Wednesday, June 5, 2013

I Don't Wanna Be Decapitated St. Francis!

This is how I have been feeling today. A bit like St. Francis after he's been used as a bowling pin. If you're wondering, that's actually how he got broken...Rosemary used him as a bowling pin one time too many.



If you want to know the truth about it, I've been Grumpy Mom (again) today. 

I didn't want to be, but it's just that there's always somebody who wants something from me. There's somebody making noise around me, at me, on me, in spite of me. I'm hungry and didn't eat enough because I was focused on feeding other people. I swear, I reheated my coffee in the microwave at least 4 times this morning, and I never did finish the whole cup. And somebody was following me around ALL DAY with her hand shoved in my jeans pocket, laughing a lot and saying, "I'm attached to you! I'm attached to you, Mommy!", or insisting on helping me cut onions with a very sharp knife, or neeeeeeeding me to play, puhleeeeeeeeeeeeez?! How about now? Now? NOW? (Nobody EVER plays with that kid. She's totally neglected, in case you're wondering. There's also NOTHING that says her name on it--"Olivia". And she never gets anything or gets to do ANYTHING. Can you imagine?)
And in spite of all that puhleeeeeez-ing, there's laundry all over my house, dishes piling up in the sink, and dirt on the floor. Oh, and rhinestones. There are always, always rhinestones all over my floors. We love sparkly around here.

My body and my senses are not my own today, and I'm keenly aware of it. I guess I'm not in control of anything, including my emotions. 

And what I really want today is to sit in a quiet room, look out the window, sip a glass of wine, eat chocolate and Cheez-its, read awhile, take a ridiculously long bath, and then go to bed in the bedroom I slept in when I was a kid--because my dad put me in the basement and sound-proofed it so that he wouldn't have to hear me practice my french horn. Oh, how I long to sleep there. It was always so quiet and so dark at night.

This post by blogging buddy Jessica Smock resonated with me today. It's about how we introverts shouldn't feel bad about our need to step away from constant social interaction and get our mothering mojo back. So I am trying not to feel so bad about wanting to escape to a rubber room, but I'm also trying to figure out what to do about the issues I am having.

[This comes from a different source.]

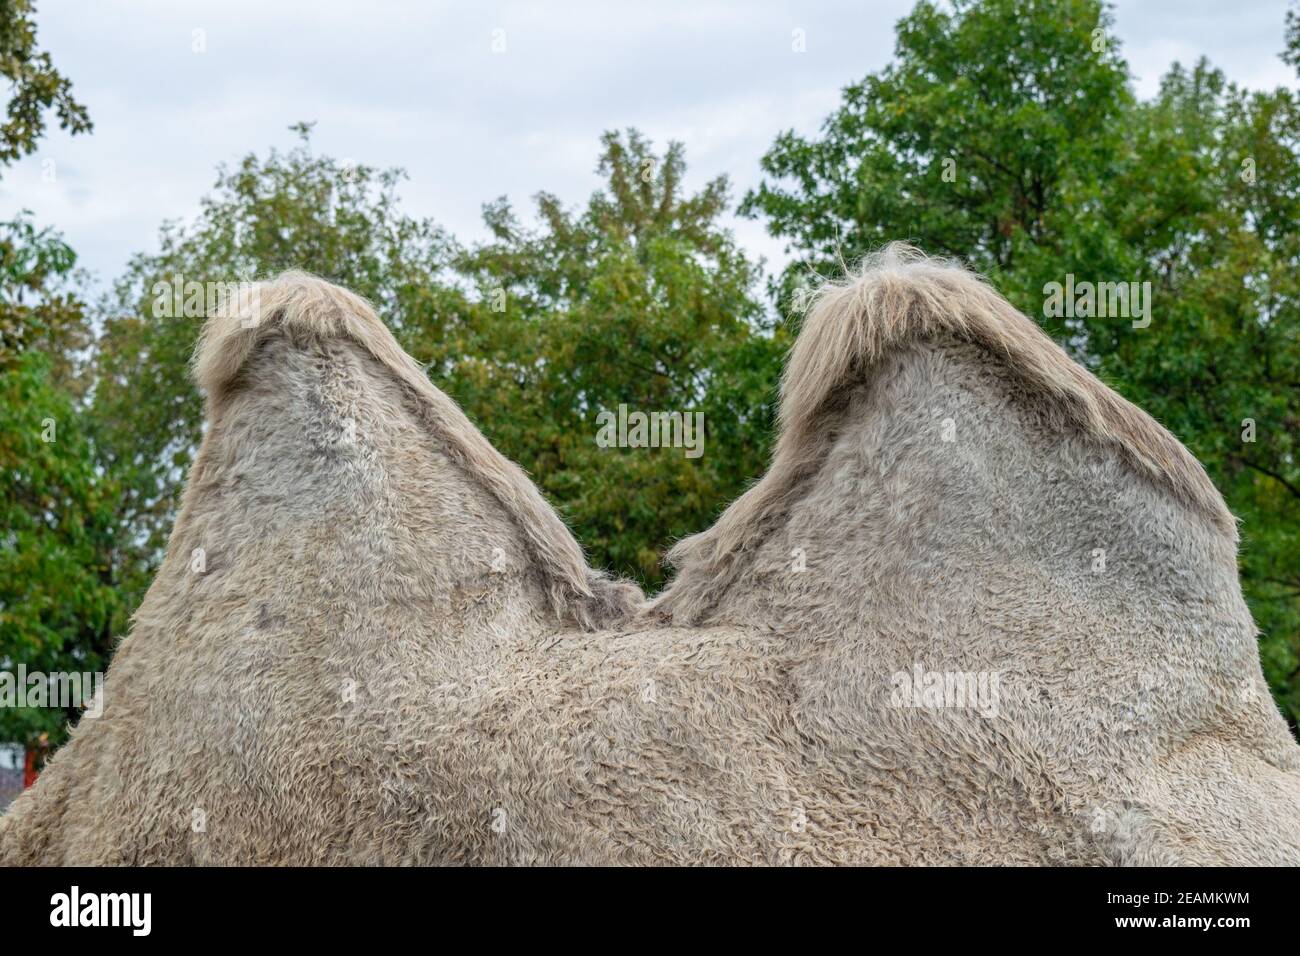 A two humped camel in the city park. Camel walking in the park Stock Photo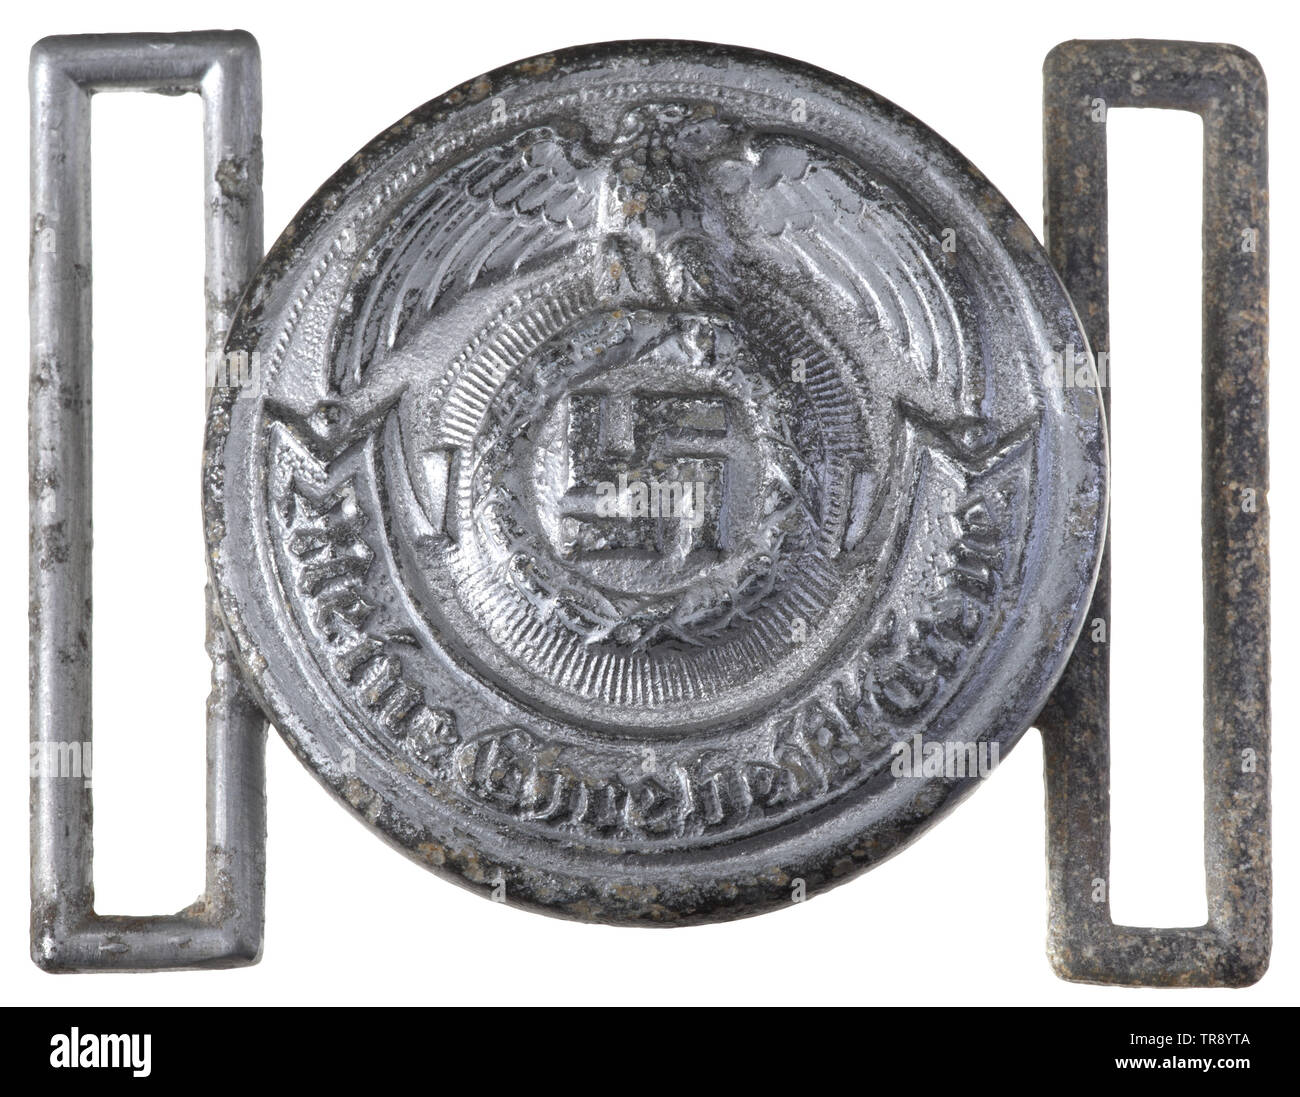 Nazi Germany, Waffen-SS, belt buckle, nickel plated tin, 1940s, frontseide, Editorial-Use-Only Stock Photo

And I've decided that tomorrow is a new day

For the next week, my plan is to focus on three things: food, water, and sleep. Cyber-audience, I hereby solemnly vow that I will eat breakfast every day for a week. You heard it here first. And I will go to bed by 11pm every night. Yes, every night. And I will drink more water and less sugary, caffeinated crap. 

And we will reconvene after that, and I will be transformed into the She-ra of the mommy universe. I will become as beloved as St. Francis before that big ball from Wal-mart took off his head. Or at least I'll be less grumpy and better able to function. I am not sure about how to deal with the noise in my universe, but I guess I'll figure out something.

How do you cope when your universe gets too chaotic?